Ser libre consiste actualmente en contemplar cómo la vida discurre como queremos, según la habíamos planificado. Vivir es una checklist llena de propósitos, en la que ponemos a prueba la fuerza y el poder de nuestra voluntad. Admiramos a las personas que han conseguido sus sueños y nos encanta escuchar testimonios de superación. En cambio, todavía no he encontrado un bestseller —os animo a que me ayudéis— que narre la historia de un fracaso. Vivimos en una época que tiene miedo a reconocer que la vida a veces no sale como uno esperaba, que hay batallas perdidas que sólo se ganan aceptando sus derrotas. Buscamos dominar nuestro destino y nos resistimos a aceptar que la vida nos sobrepasa y que apenas tenemos control sobre ella.

Nos han hecho creer que las cosas se consiguen deseándolas mucho. Todo es cuestión de firme voluntad.
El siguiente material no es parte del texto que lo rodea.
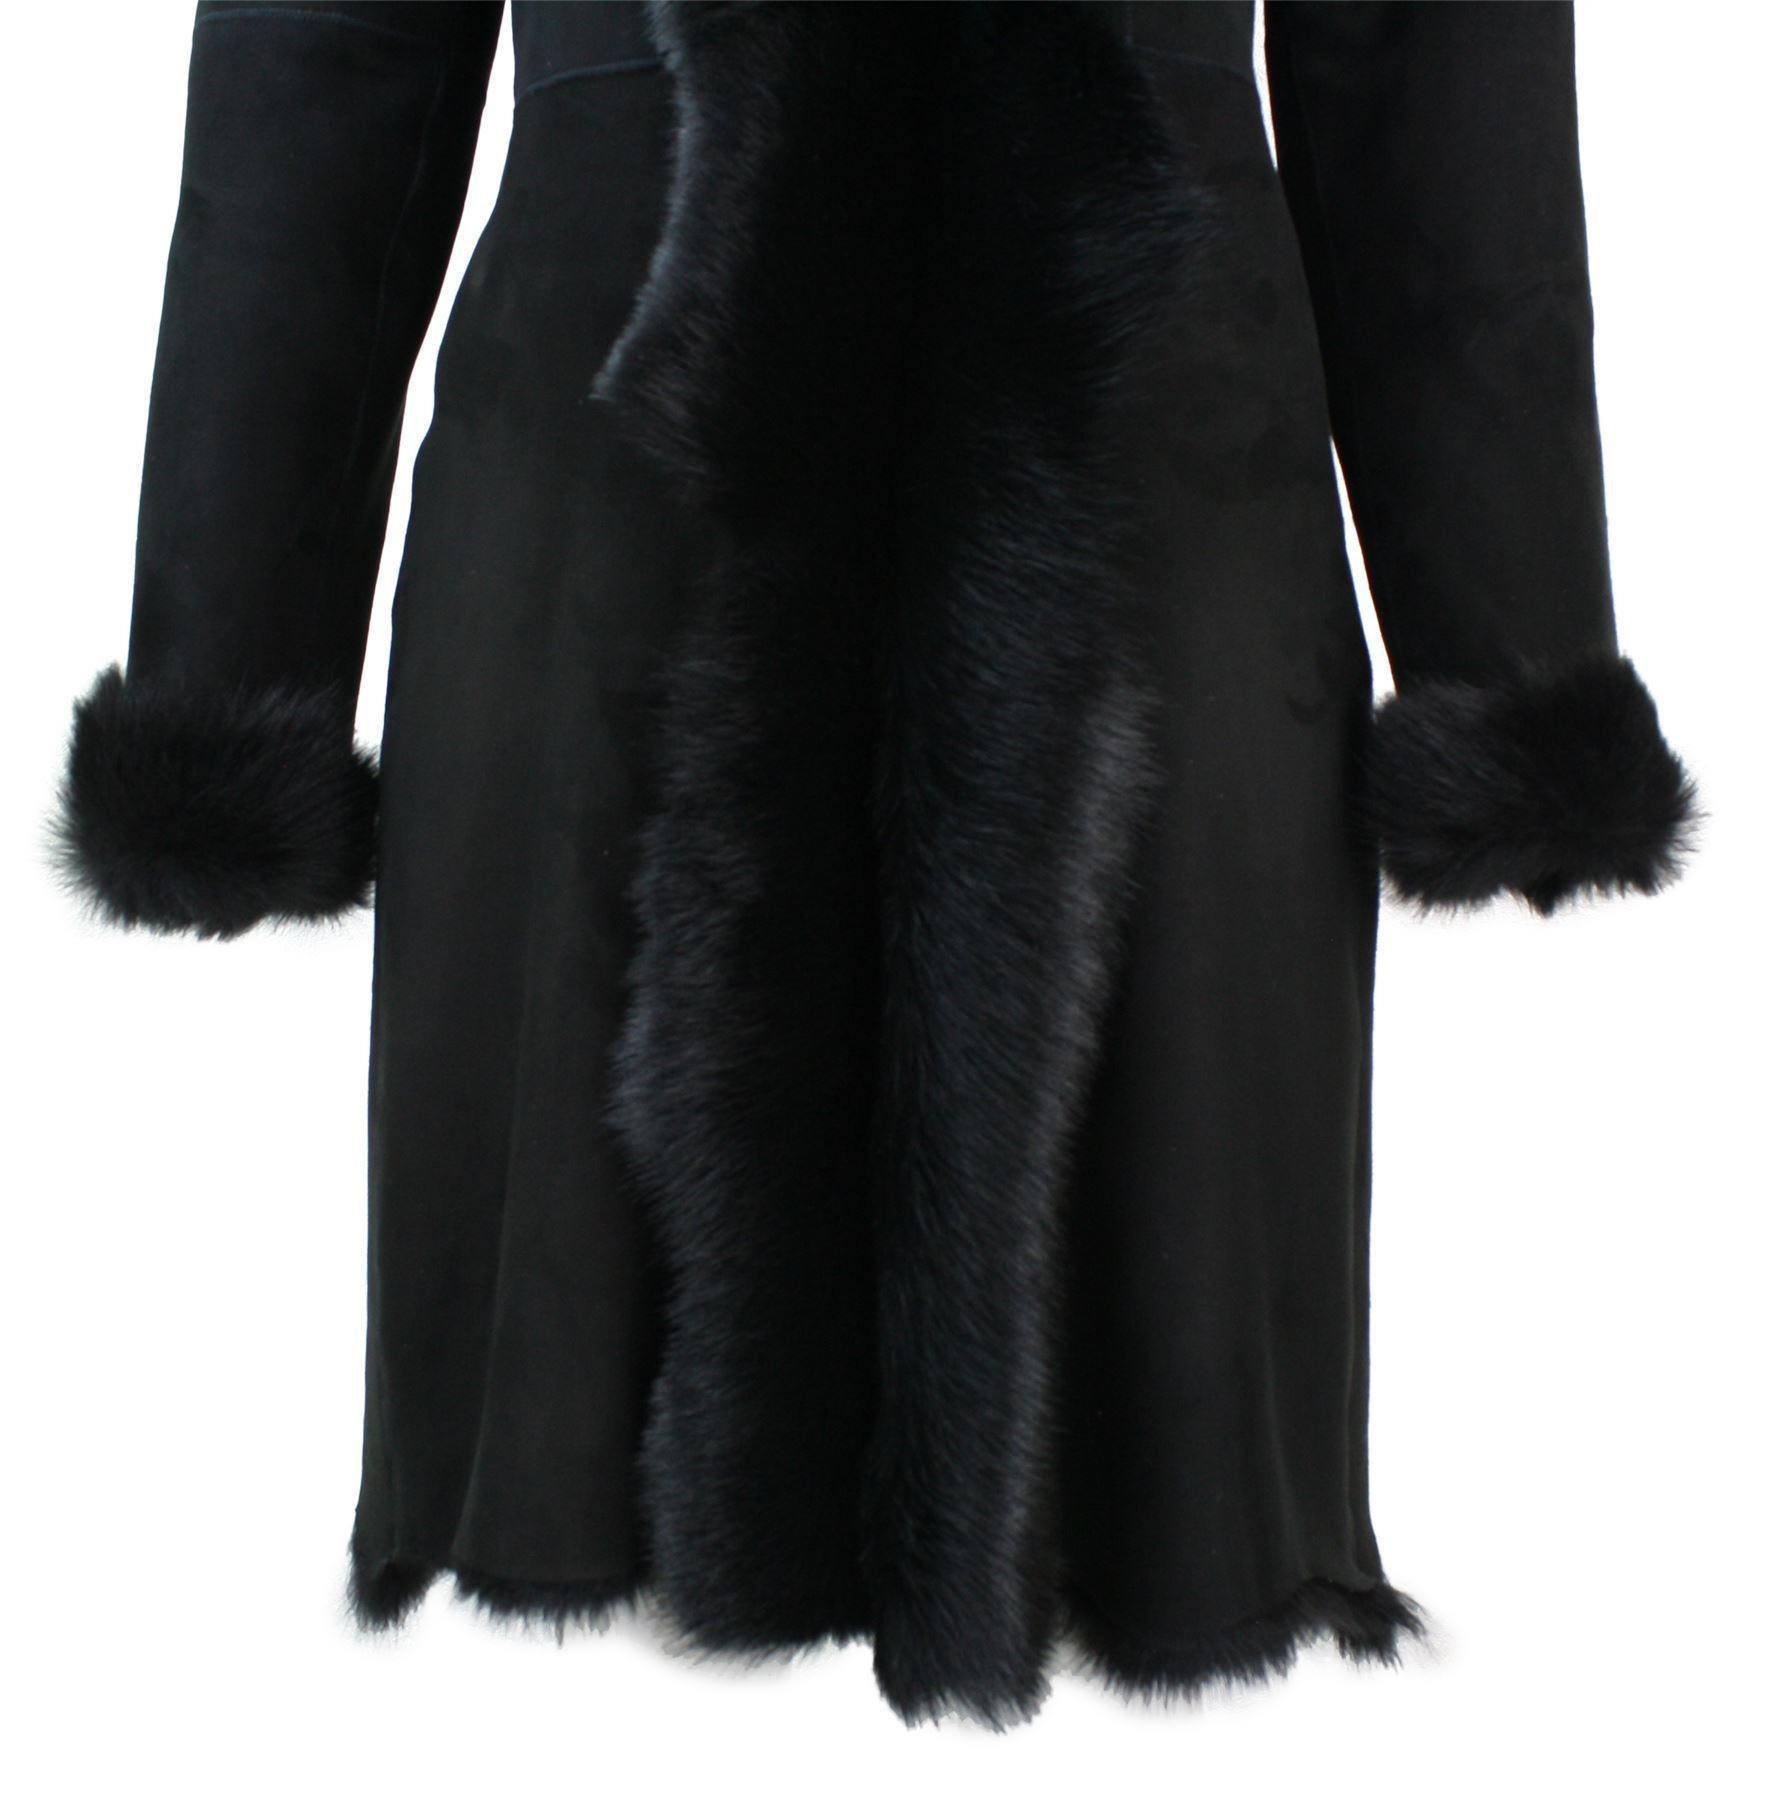 Laides Black Suede 3/4 Spanish Toscana Fur Sheepskin Leather - Etsy UK
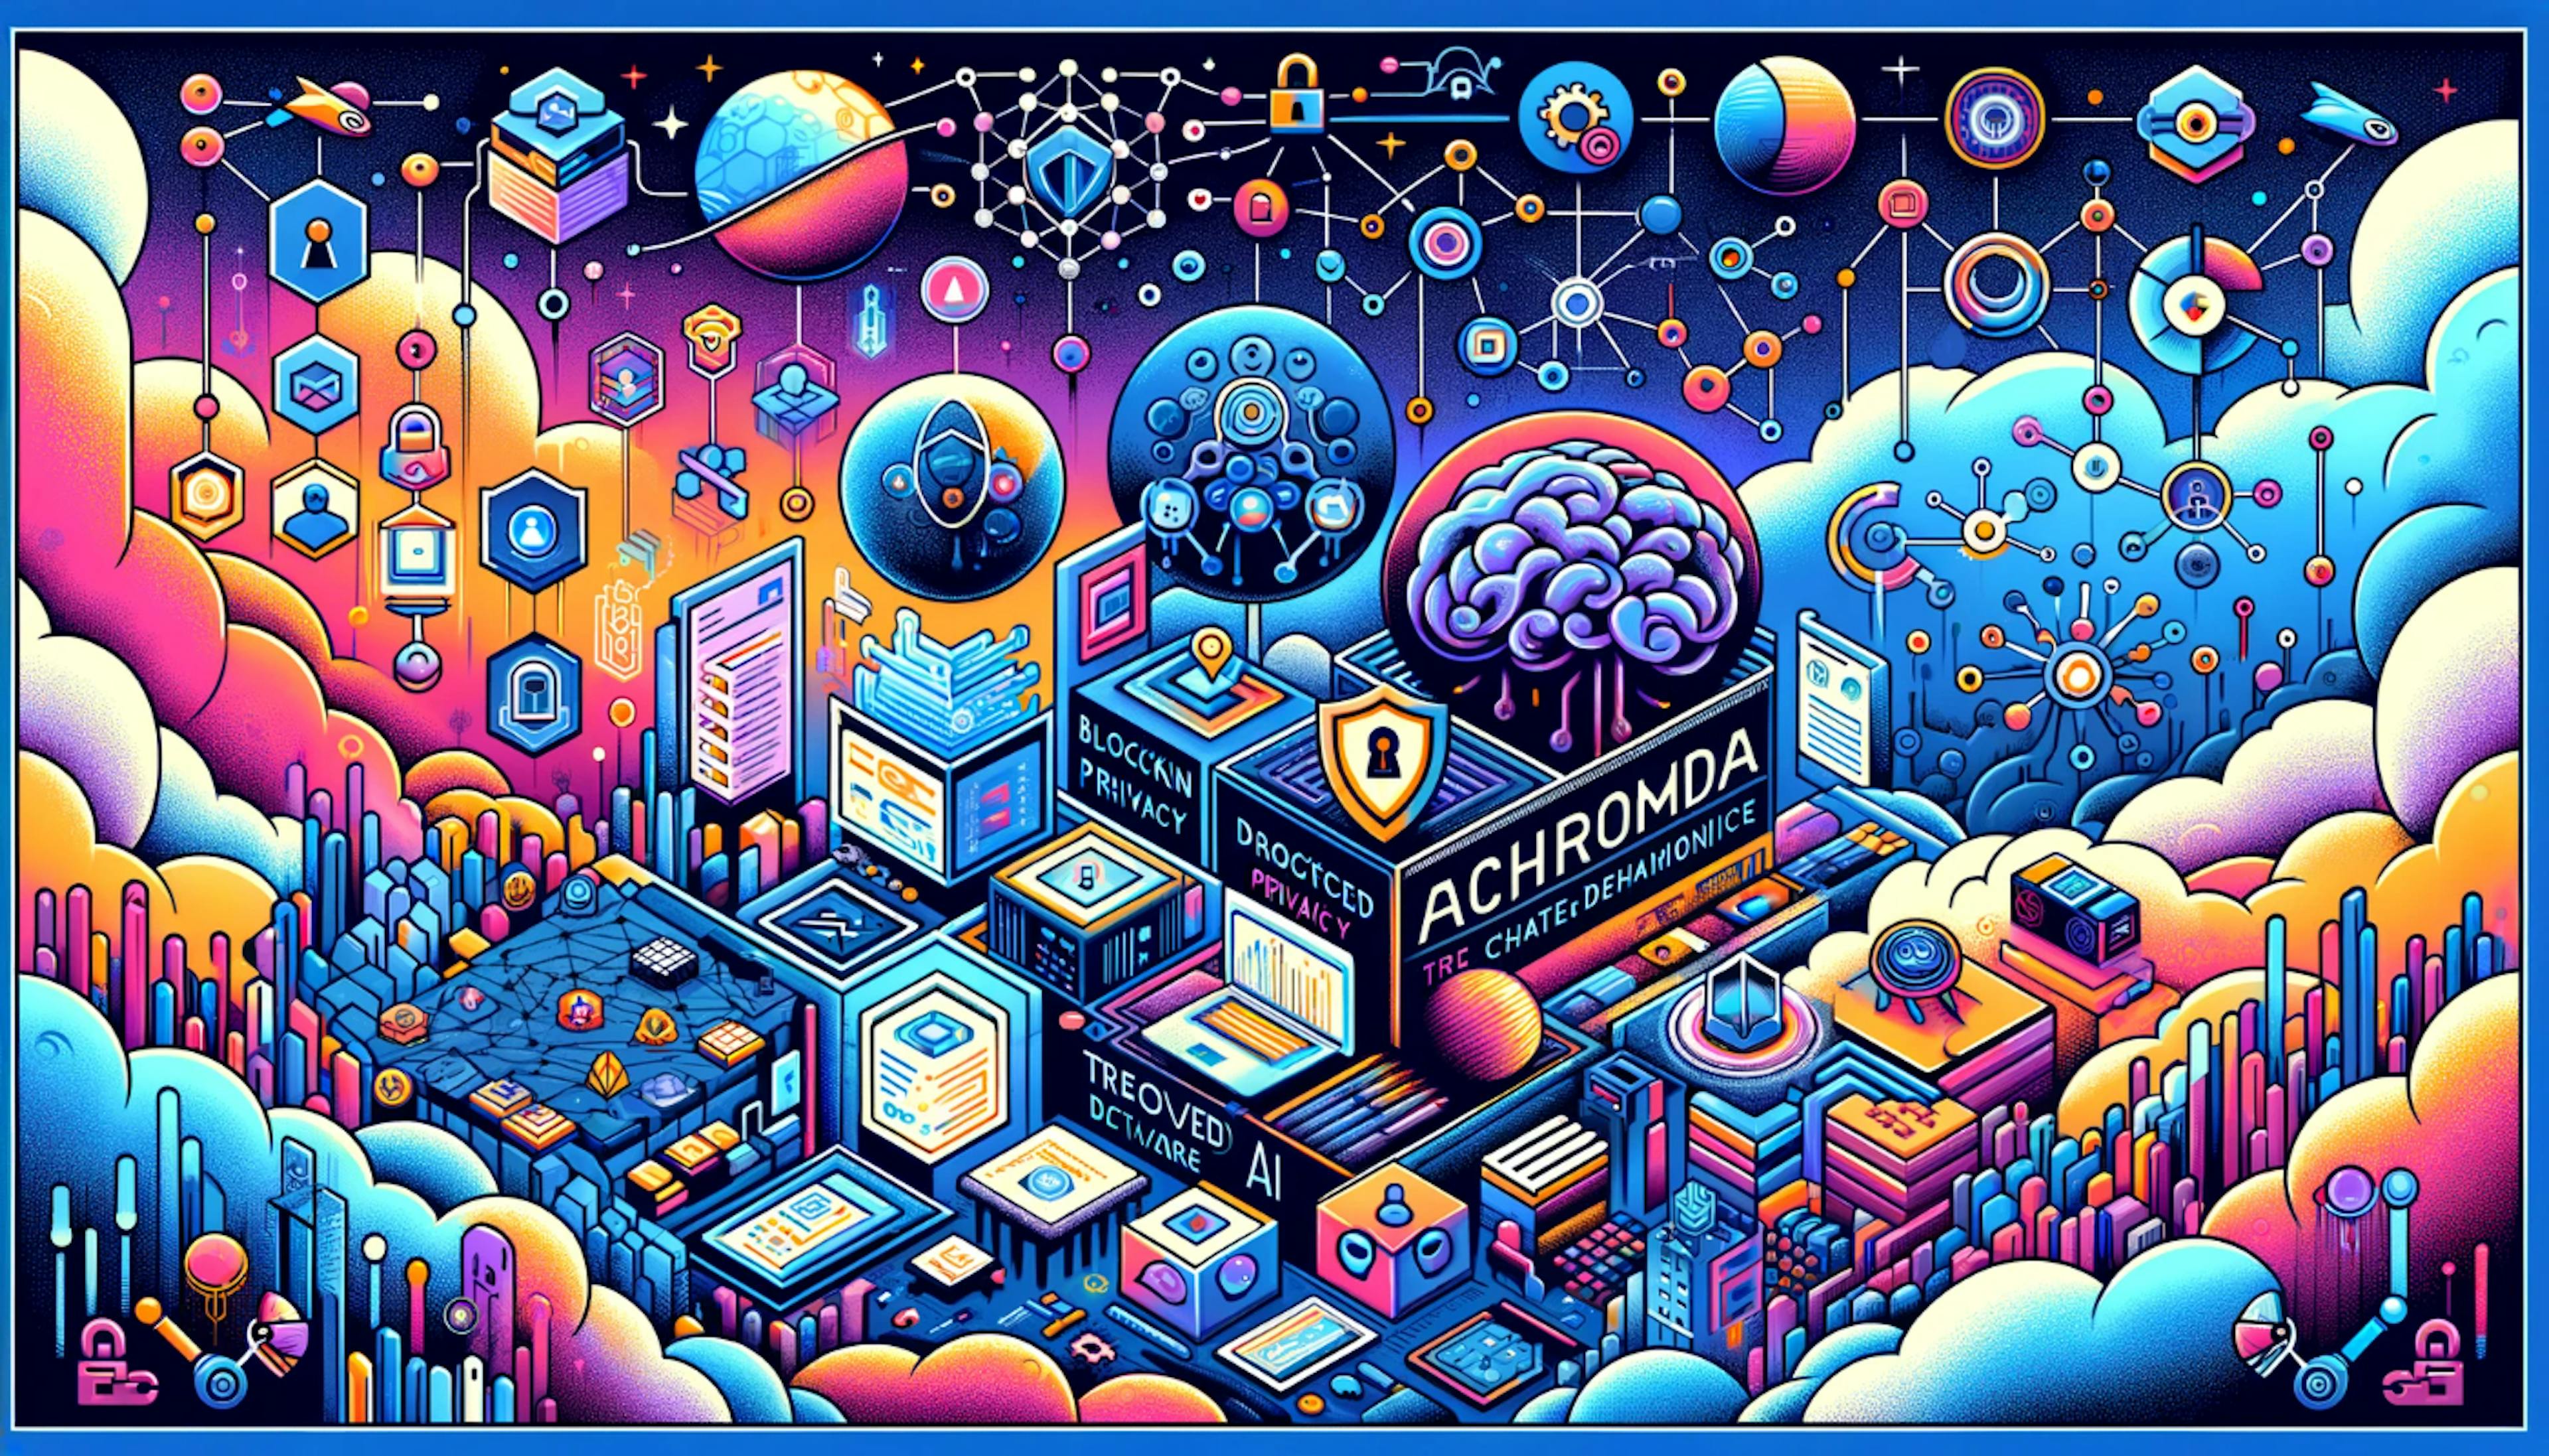 featured image - Cheqd, Andromeda và AI được phát triển: Hợp tác để xây dựng một thế giới kỹ thuật số lấy niềm tin làm trung tâm

La semana pasada, me llamó la atención en la revista ¡Hola! —la prensa rosa es un termómetro existencial infalible— el siguiente titular de una entrevista: «Yo creo que la felicidad es una opción de vida y yo he optado por ser feliz». Vamos, que si no eres feliz es porque no quieres. La felicidad es una elección que implica una conclusión comprometida: sólo uno es responsable de sus fracasos y desgracias.

Confiamos plenamente en nosotros mismos. Por eso cualquier imprevisto nos desespera, cualquier cambio inesperado nos conduce a la frustración y a la creencia de que el mundo conspira en nuestra contra. Para muchos la vida es una decepción cuando descubren que no son tan dueños de sí mismos como les habían prometido.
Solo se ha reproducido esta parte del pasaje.